Все имеет и свой конец. Первый том «Мертвых душ» окончен. Следует переписка. Нужно возвращаться в Россию. Впереди цензура рукописи. Необходимый строй музыкальности духовной жизни над произведением оканчивается. Но с его окончанием не оканчиваются, увы! контрапункты психологической устремленности, которые требуют от Гоголя новых жертв духа, поддержания равновесия, в мыслительных неуловимых признаках которого теперь все его богатство, вся связь его с трехипостасностью бога, рука которого «водит», и он готов идти «неторопливо по пути, начертанному свыше». Он уже не может выйти полностью из состояния погруженности созерцания собственного духа, отрешенного от земных дел, но вести борьбы с порывами своей мистической сущности он тоже оказывается уже не в состоянии. И его интеллект безошибочно реагирует на каждый нюанс в духовном мире его поглощающих событий, изолируя интегральную часть обыкновенной критически-оценочной способности, ранее свойственной его критическому мышлению.

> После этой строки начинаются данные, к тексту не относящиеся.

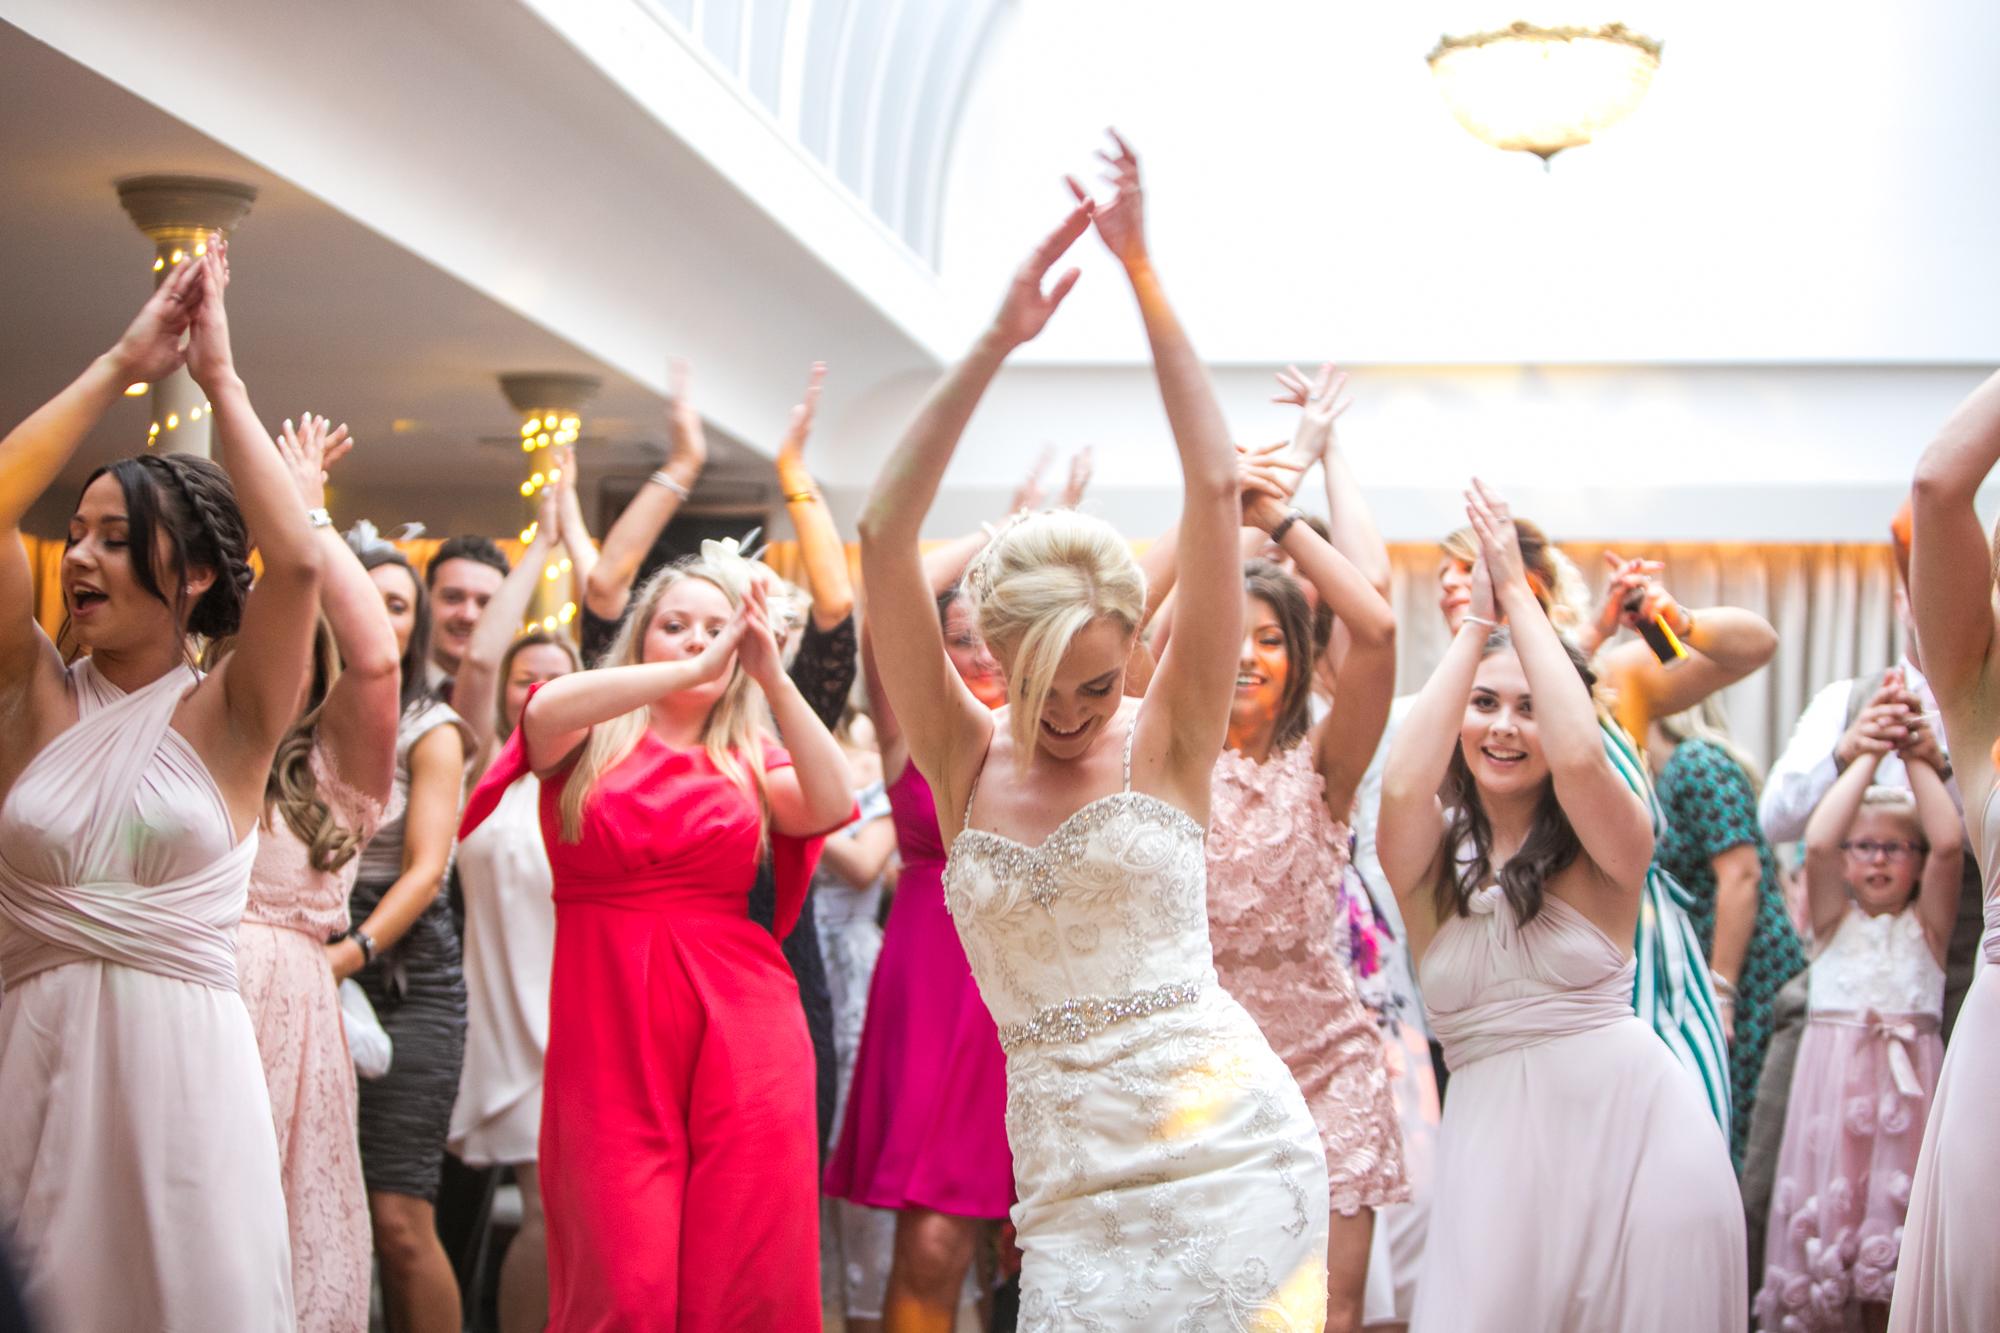 Headlam hall wedding photographer-1-17.jpg

Он уже не в состоянии уловить запах морализации, церковного ладана мыслящей субстанции, одурманивающих совесть, притупляющих критическую оценку внешних обстоятельств жизни, в которой должно и непременно быть похмелье познавания, где северный ум русского человека в силу чрезмерной напряженности его жизни порождает не только чувствительность, но и ясновиденье того, что позднее было названо рефлексией, — мыследеятельностью, обращенной на саму жизнь человека в ее свободном парении. Отсюда только начало апофатических обращений к друзьям, например к Данилевскому: «Но слушай: теперь ты должен слушать моего слова, ибо вдвойне властно над тобой мое слово, и горе кому бы то ни было, не слушающего моего слова… Покорись и займись только год, один только год своею деревней. Один год! и этот год будет вечно памятен твоей жизни. Клянусь, с него начнется заря твоего счастья».

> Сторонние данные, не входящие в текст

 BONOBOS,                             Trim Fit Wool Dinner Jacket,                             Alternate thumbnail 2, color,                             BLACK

Друзья никак не могли серьезно воспринимать такого рода «пророчества», но они могли выносить «сор из избы». И этот «сор», даже в большем, чем того желают количестве, начинает сопровождать Гоголя в его дороге в Россию в 1841 г. Встречается ли он с уже 58-летним Жуковским, который в Дюссельдорфе обрел покой в объятиях 18-летней жены, дочери своего друга Райтерна, где Гоголь после обеда читает что-то Жуковскому из сочиненного им, но увидев, что Жуковский «отошел к морфею» и посапывает носом, бросает впервые в топившийся камин эту самую недочитанную и никому не известную рукопись. Сколько будет впереди еще таких поступков! Или беседуя с будущим анархистом и невозвращенцем в Россию М. А. Бакуниным, уже обожествлявшим себя в письмах к своим сестрам, находит в нем, «в его божественных откровениях» много интересного для себя, вдруг, пишет Н. М. Языкову из Дрездена: «Тверд путь твой, и залогом слов сих недаром оставлен тебе посох. О, верь словам моим!.. Есть чудное и непостижимое…».

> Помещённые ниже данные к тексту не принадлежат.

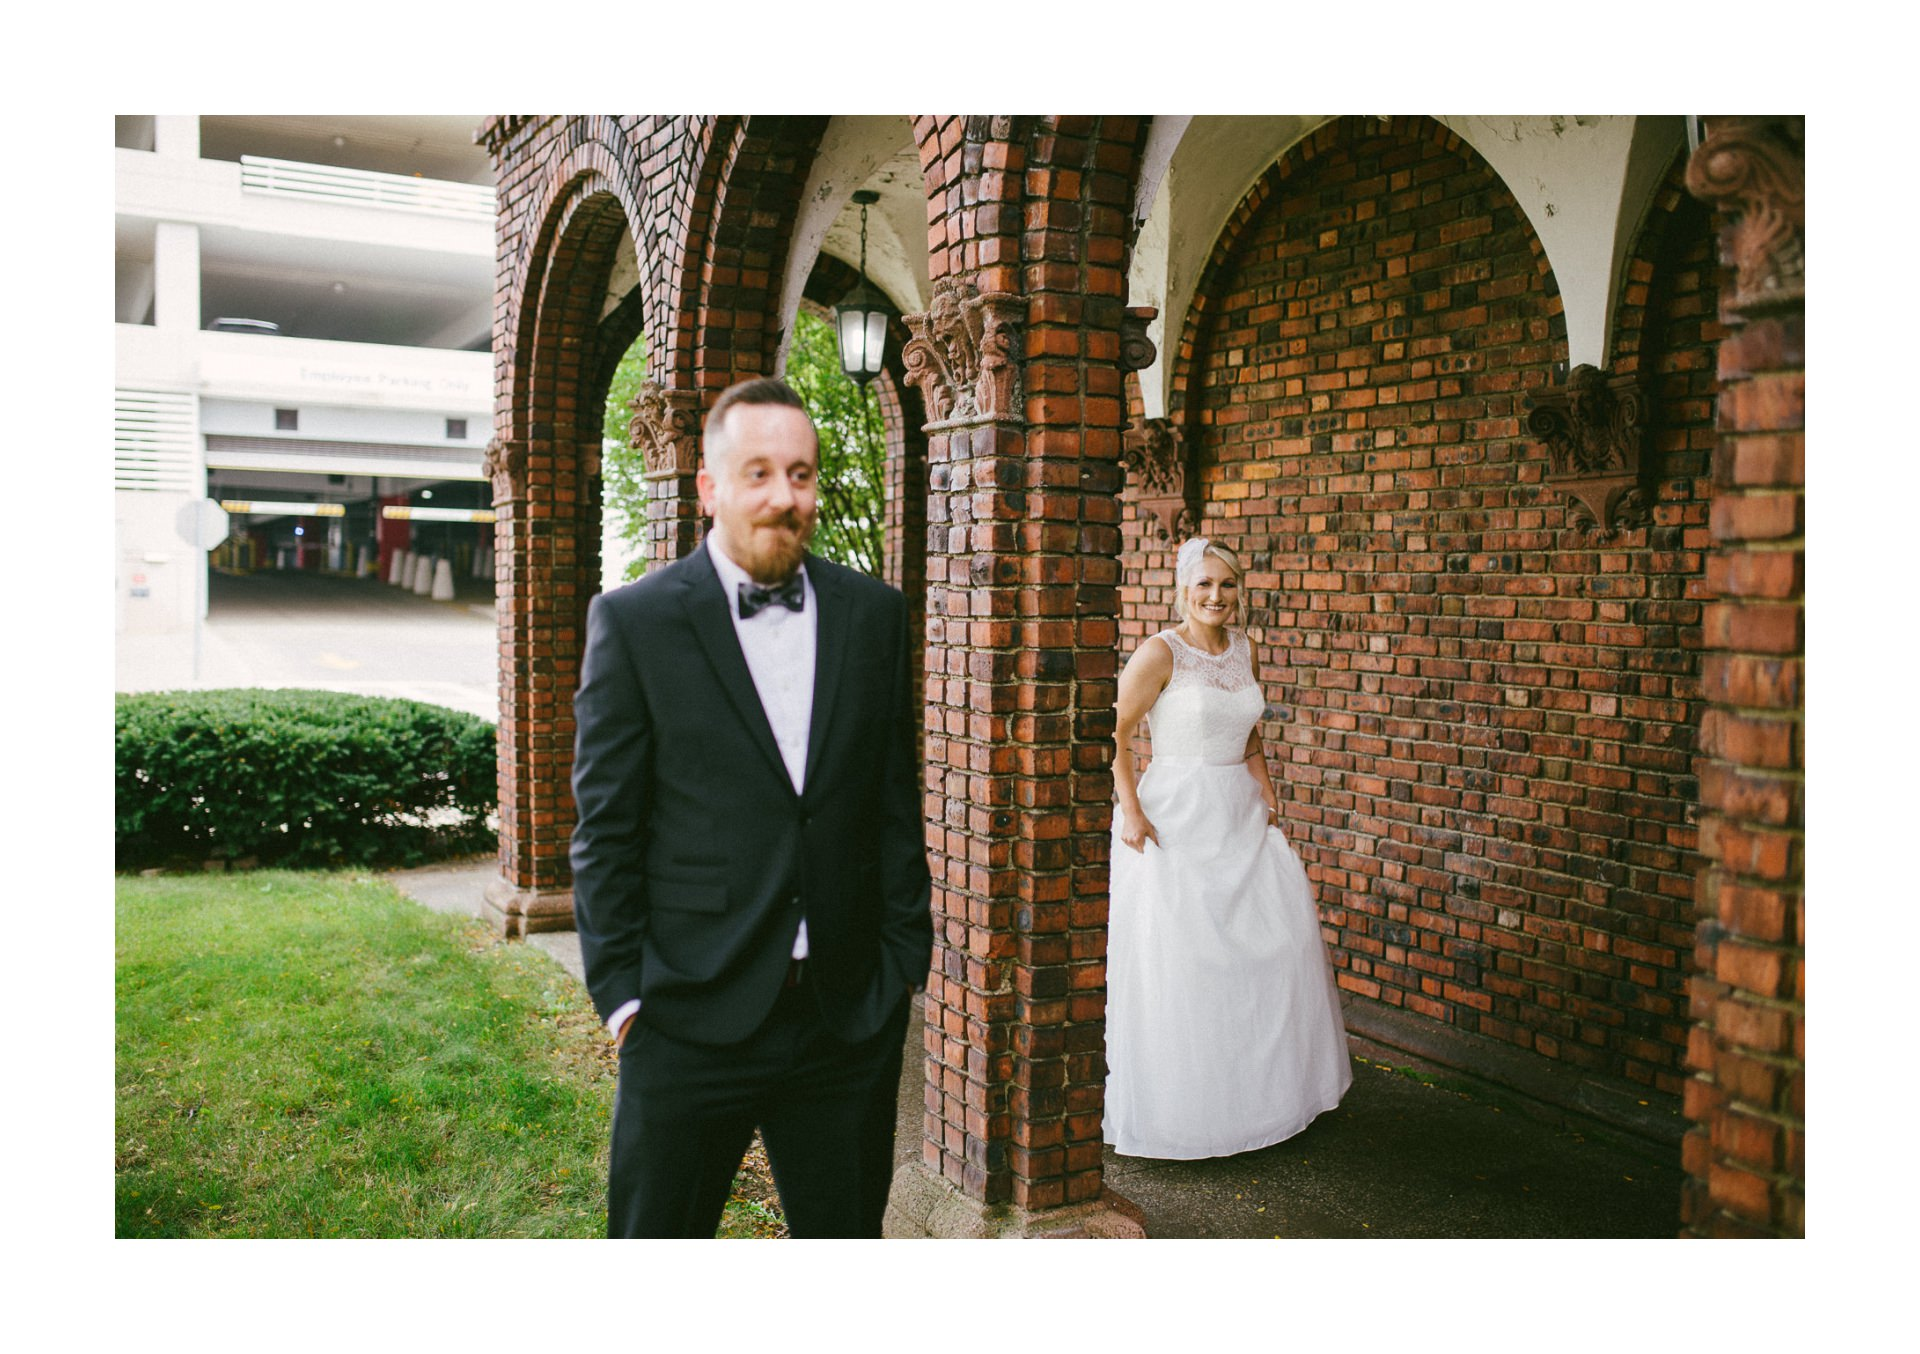 Goldhorn Brewery Wedding Photos in Cleveland 1 26.jpg

Поэтому, когда Гоголь в начале октября 1841 г. по старому стилю появляется на несколько дней в Петербурге, то все уже чуть ли не хором находят в нем сильную перемену в отношении его нравов и свойств, когда он, «подняв воротник шинели выше своей головы (это была его любимая поза)» ведет тихую беседу о покорности «воли Божией». И даже Погодин уже не доволен не только самим Гоголем, но и его «Мертвыми душами», где «нет движения сюжета, а есть в каждой комнате по уроду».